Tuesday, April 13, 2010

Blood Meridian Chapter 6

This chapter was definately necessary in order to link the different characters and plots. In chapter 6, the kid is magically reunited with the Judge and Toadvine which should make for an interesting chapter 7. This chapter is full of figurative and descriptive language, including similies and metaphors.

The description of the prisoners and their torturer made me laugh. McCarthy writes, "They were half naked and they sucked their teeth and snuffled and stirred and picked themselves like apes (McCarthy 74)." This simile is funny because the original thought of the Americans was that the Mexicans were savages. Now, it seems like the prisoners are the savages. The description of the goldtoothed pervert was pretty funny. The fact that he was a pervert provided the first sense of humor but the rawhide quirt (A riding whip consisting of a short, stout stock and a lash of braided leather (dictionary.com) used to whip the prisoners really added to the pervert thing. I just had a vision of some strange hispanic guy forcing half-naked prisoners to pick up filth while whipping them; pretty weird stuff. McCarthy probably included this pervert to show how strange the Mexican town looked through the eyes of the prisoners, if the head in the jar and the bodies for sale in the bazaar didn't work before. Another suprising detail is that Toadvine prays so that the pervert doesn't die. From this, I suspect that Toadvine wishes to kill the goldtoothed man for his own personal gain. He probably hates the pervert for making him suffer, and therefore, will make the pervert suffer as well.

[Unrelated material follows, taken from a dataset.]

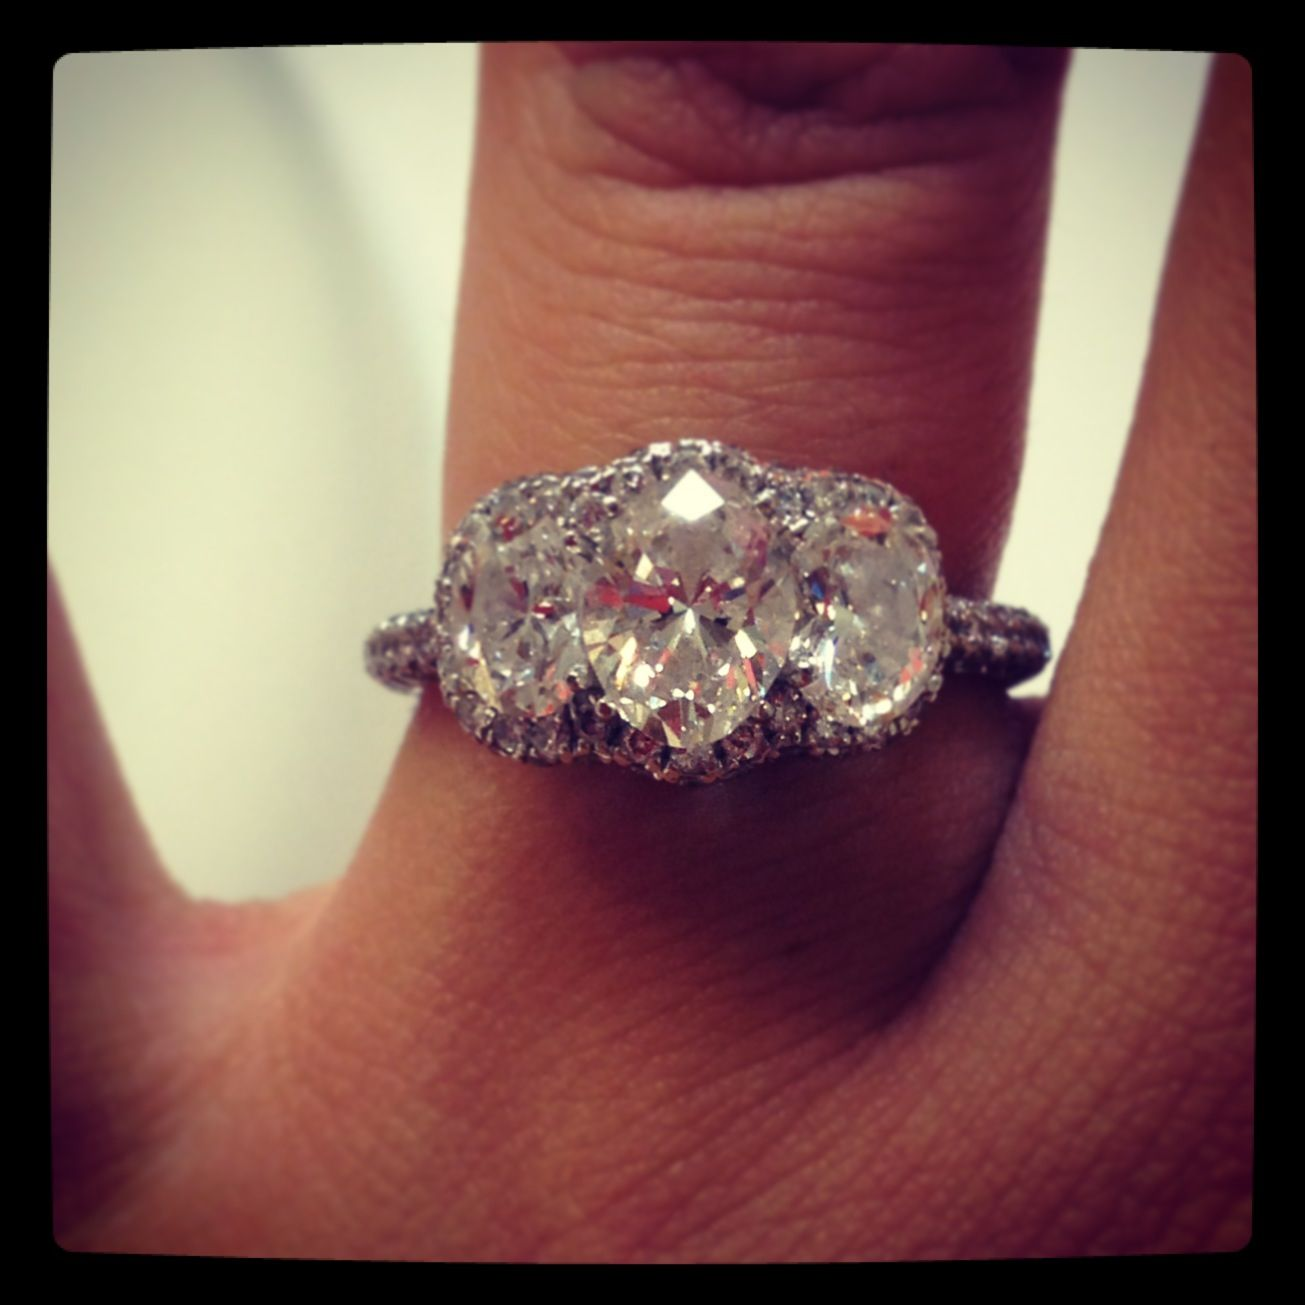 jareds wedding rings Love my engagement ring 2 3 carat Neil lane 3 stone engagement ring from Jared s

Grannyrat, the Kentuckian veteran, had some very intresting things to say. After describing his broken leg, he says, "... grew a low rumbling that (Grannyrat) took for thunder until a cannonball came around the corner trundling over the stones like a wayward bowl and went past and down the street and disappeared from sight." This simile made me think of the common idea of a spill in an over-crowded kitchen. Someone trips on their shoelace and pretty soon pots are flying through the air and large, wok-like bowls are innocently rumbling down the halls. McCarthy probably added the stories of the Kentuckian to show some seperate, yet equally strange and disturbing, views of the west. I researched some Native American torture techniques and found one where they would nail your intestines to a tree so that you either bled to death, ripped out your intestines attempting to escape, or died from several other complications (strolen.com). Also, Grannyrat's story about the man with his feet sliced was pretty intresting because the man crawled back to Fredericksburg, Virginia. This strikes a little closer to home than some people would have wanted. McCarthy included this detail to show that these grotesque punishments were happining all over the United States, instead of just in the west. He installed this into his story to add another level of fear into the characters and possibly the readers.

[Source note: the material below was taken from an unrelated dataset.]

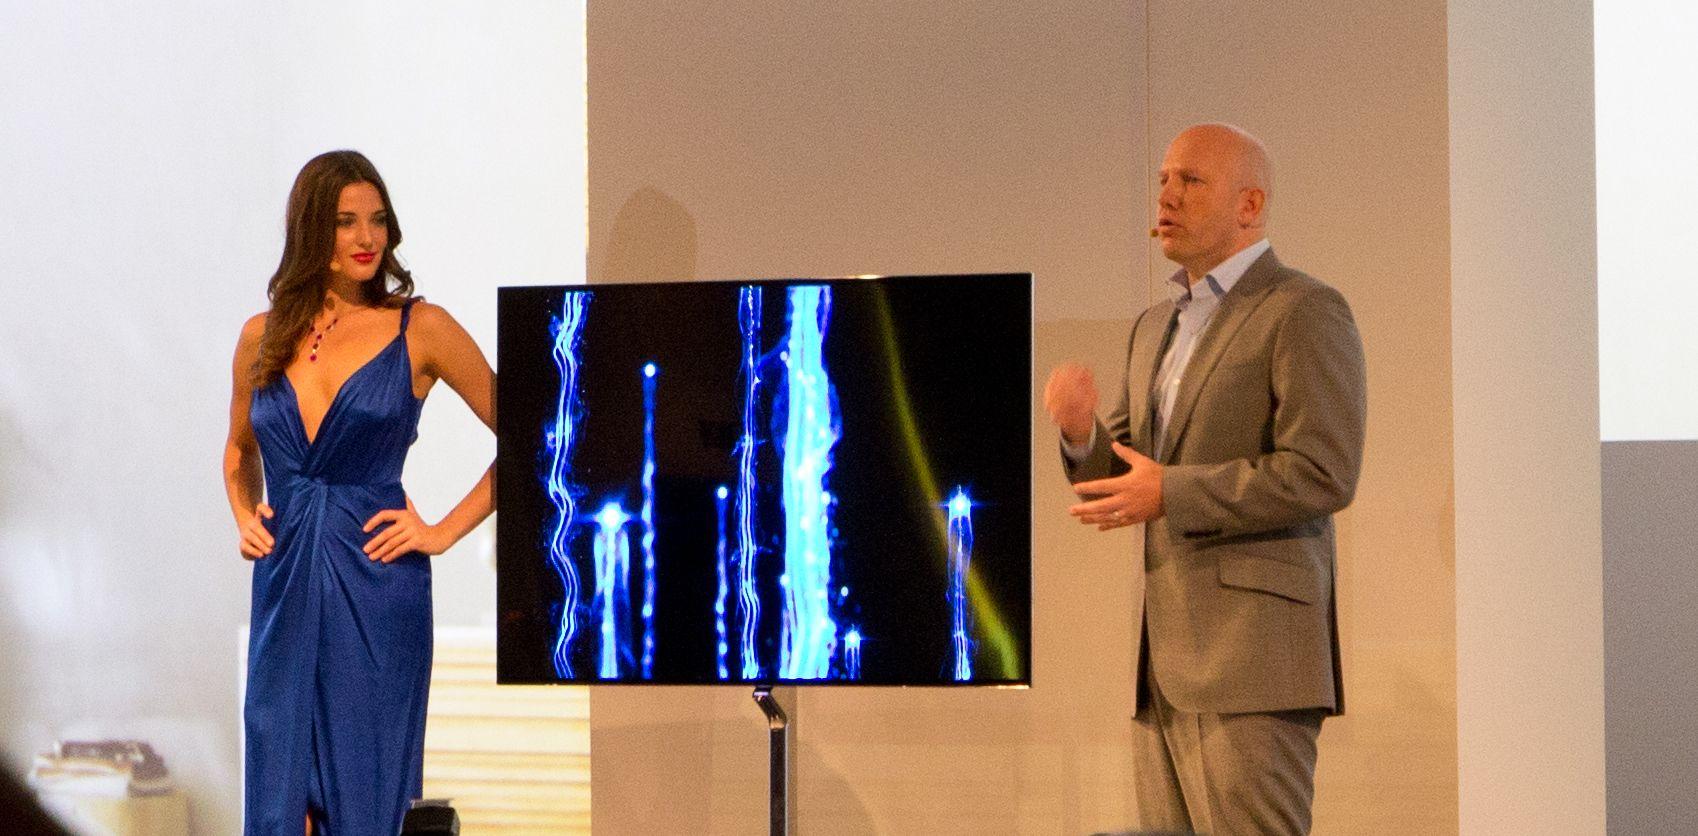 Samsung med sin 55 tommer store OLED-TV på IFA-messen i Berlin i fjor høst.Foto: Rolf B. Wegner, Hardware.no

I like how Toadvine asks, "What do you reckon we could get for old Brassteeth's teeth?" This shows that Toadvine is always looking for ways to make money through the pain of others. He would make the perfect candidate for a scalp hunter. McCarthy again shows his attention to detail when he describes the Judge's posse. He includes details such as the massive weapons and the tack made of human parts to describe bounty hunters of that time and to install fear upon his characters and readers. I can remember hearing a story about mountain men when my family and I took a trip out west to Montana. Along the way, we stopped at an old trading post where I learned that the trappers used to kill Native Americans and cut a body part like an arm or leg off of them. They would tie this limb on the side of their saddle so that they had something to nibble on while they were making their journey to sell their products. Pretty sick stuff however not as strange as the scenes described in chapter 4 and 5. Another detail in the text was that we finally learn that the Judge's name is Glanton. This was a let down for me because I was expecting that he would have a really cool name, or no name at all. Also, it seems that the Judge likes to smile, or seems to anyway. This adds to the mystery of his character and makes McCarthy's audience want to learn more about him (the Judge).

I have one question. Why would the governor be so happy to let three prisoners out of jail just because they said they were going to kill Native Americans. So theoretically, if you were in jail, you would just have to promise to kill Indians and you would be set free? Seems like their legal system is a little flawed.